How to complete this task> Find the line with "Edwards Managed Technology Tote Bag (AOP)" in the records below. Output exactly from there until after the line with "Pinball Arcade: Tales", without pictures.

Given entries>
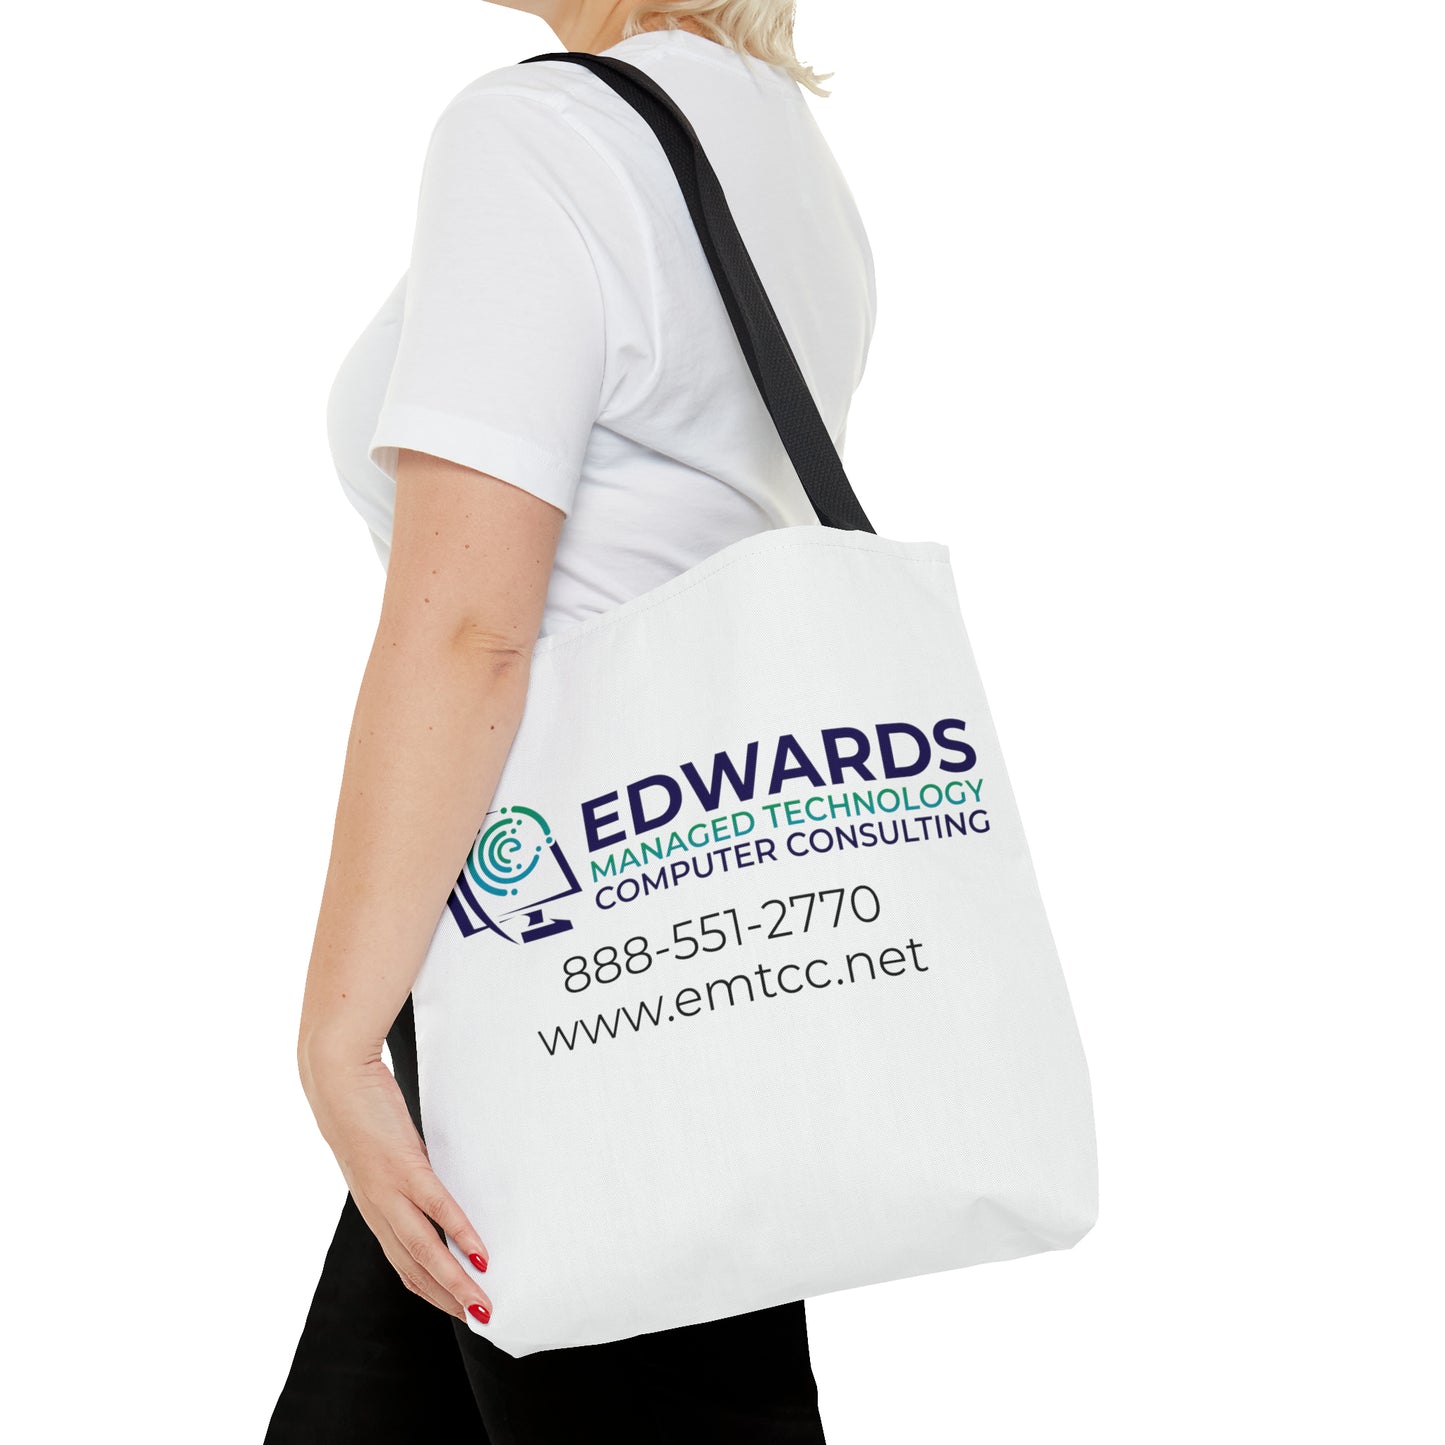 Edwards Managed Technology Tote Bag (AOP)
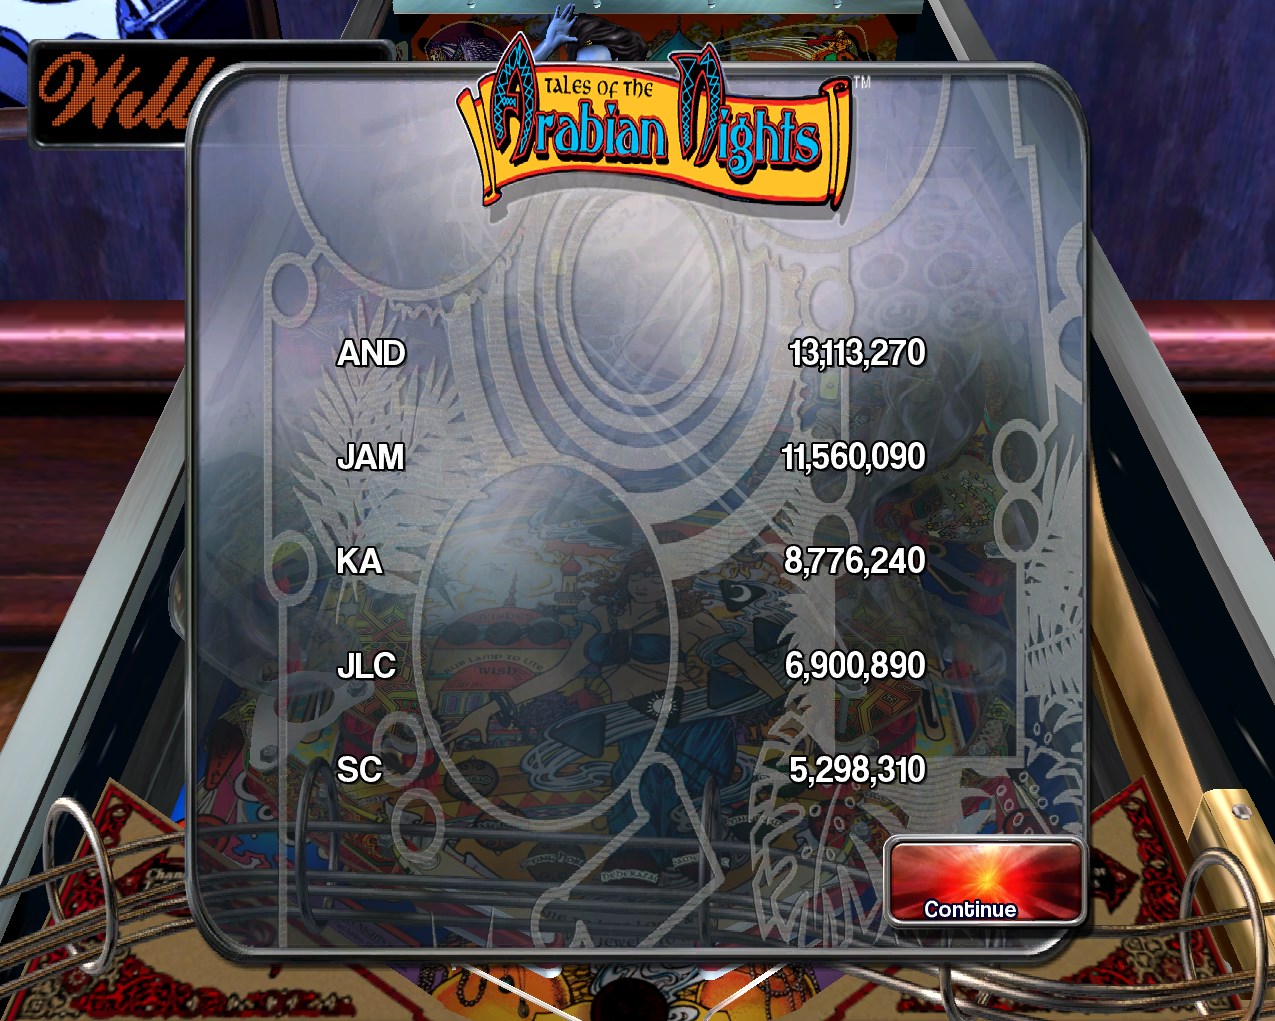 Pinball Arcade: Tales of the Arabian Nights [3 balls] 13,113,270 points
==
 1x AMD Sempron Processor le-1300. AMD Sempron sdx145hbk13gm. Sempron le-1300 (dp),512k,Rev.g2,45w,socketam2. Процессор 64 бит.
---
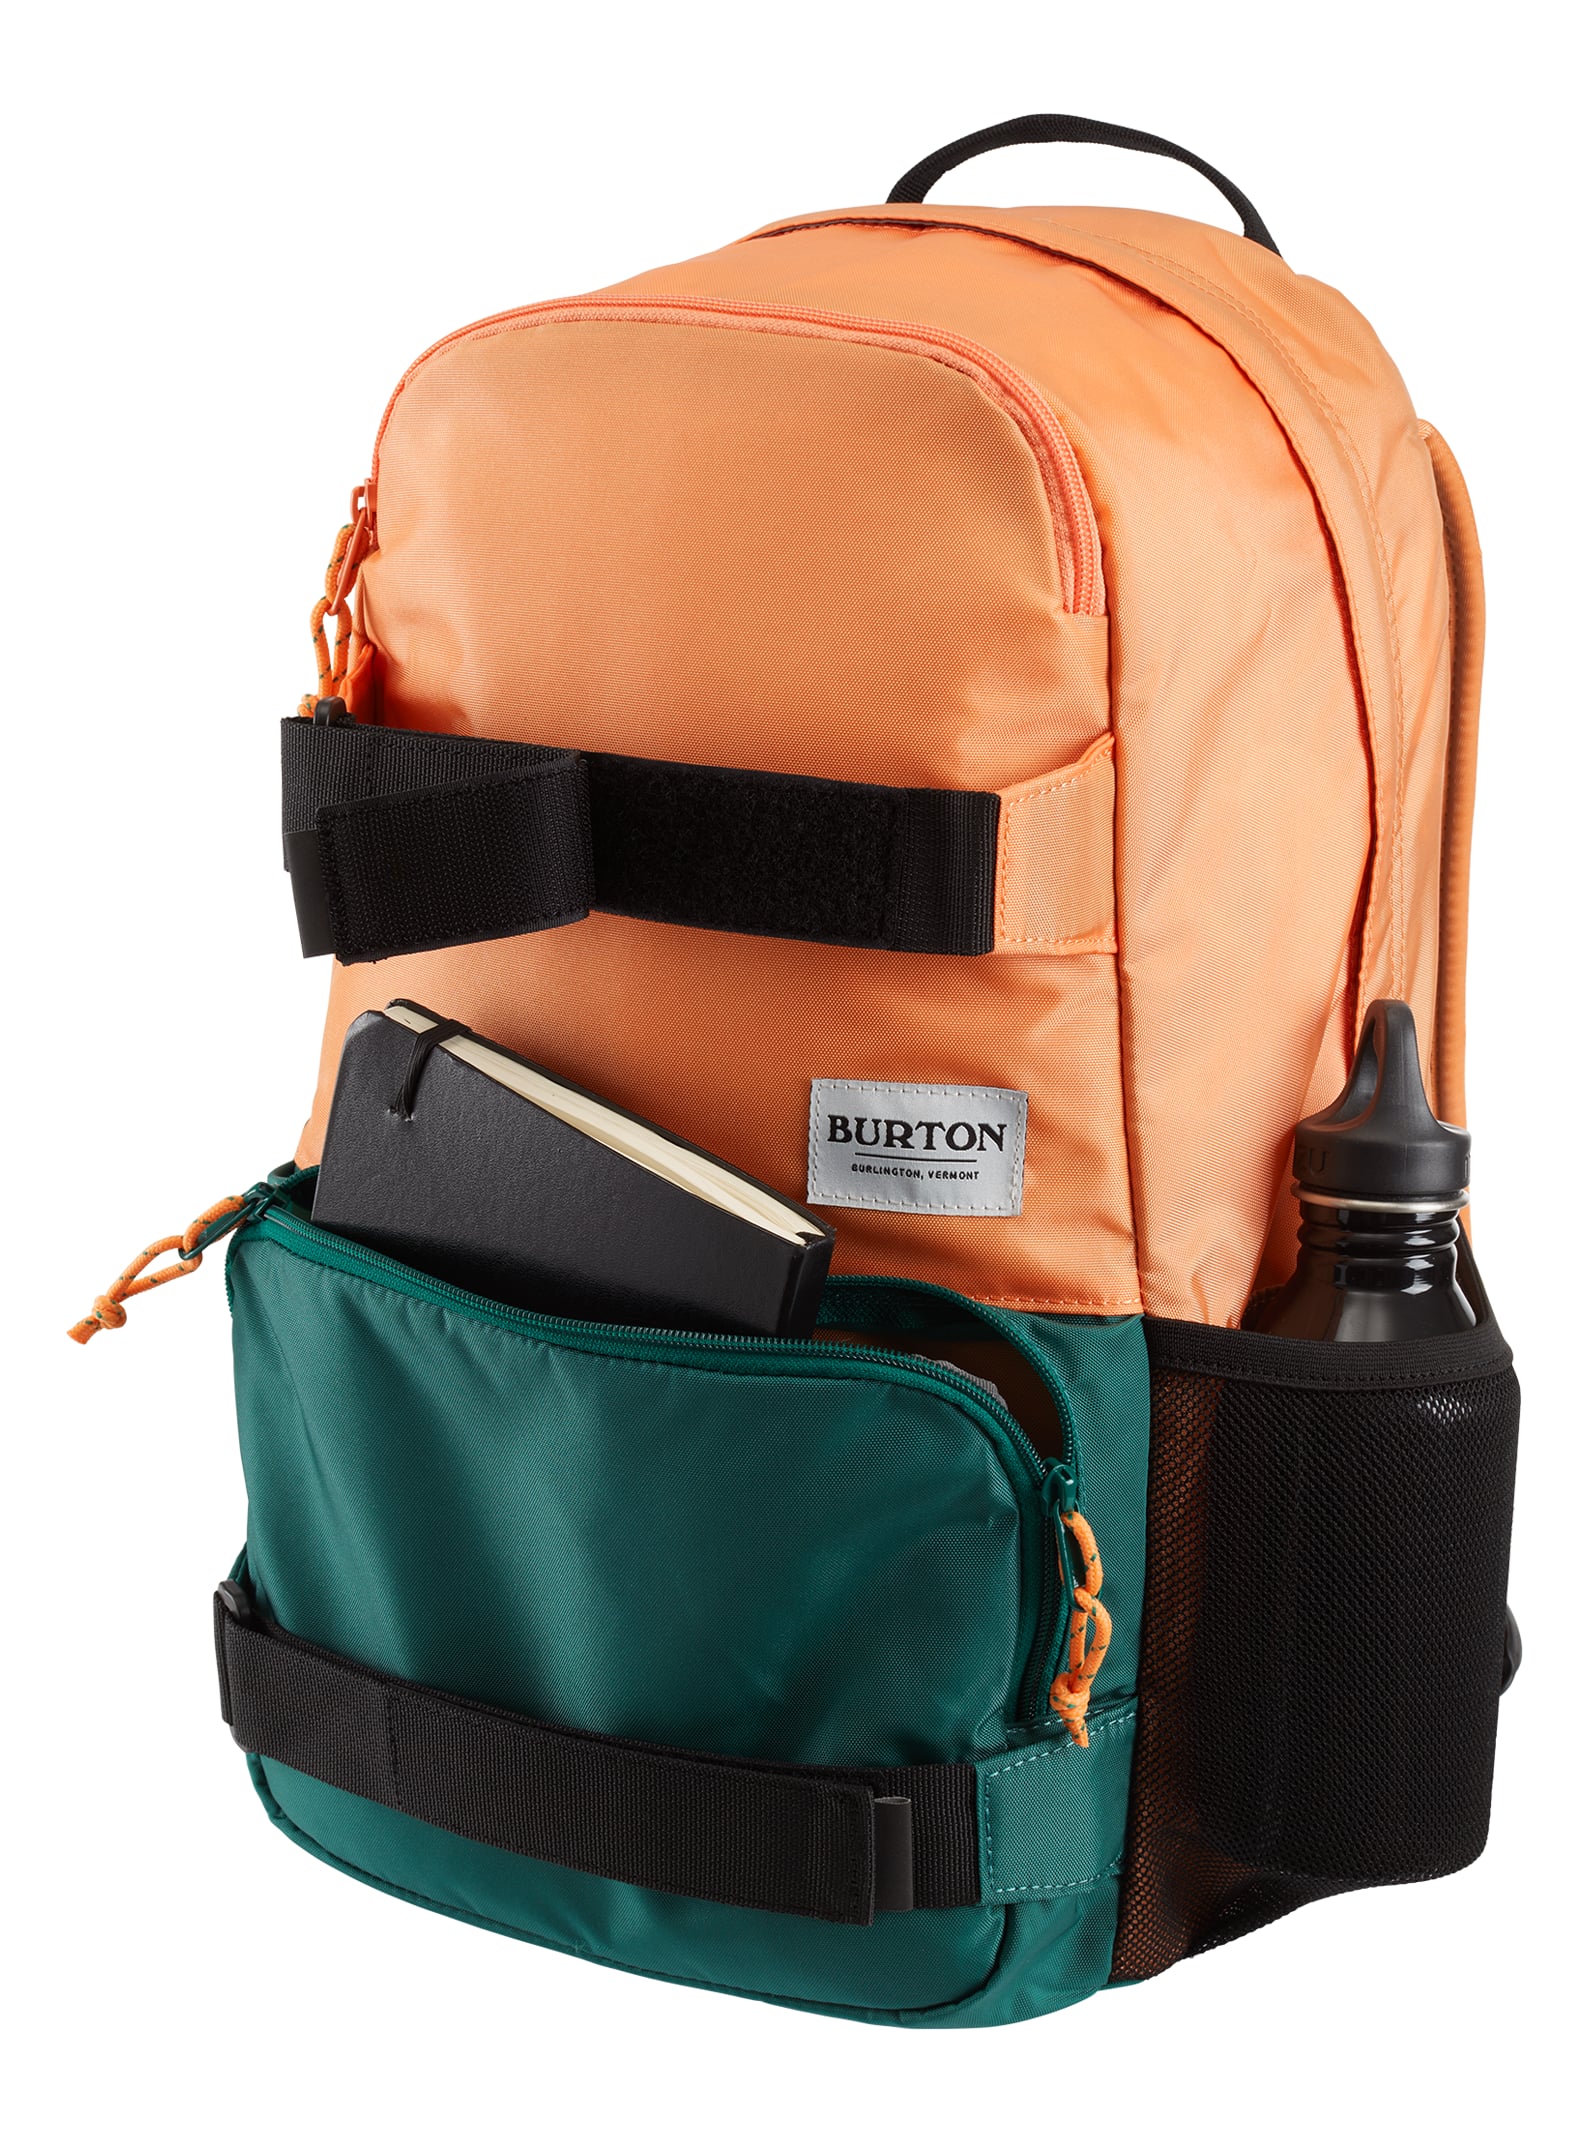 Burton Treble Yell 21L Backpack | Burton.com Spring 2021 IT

Answer section>
 Edwards Managed Technology Tote Bag (AOP)
 Pinball Arcade: Tales of the Arabian Nights [3 balls] 13,113,270 points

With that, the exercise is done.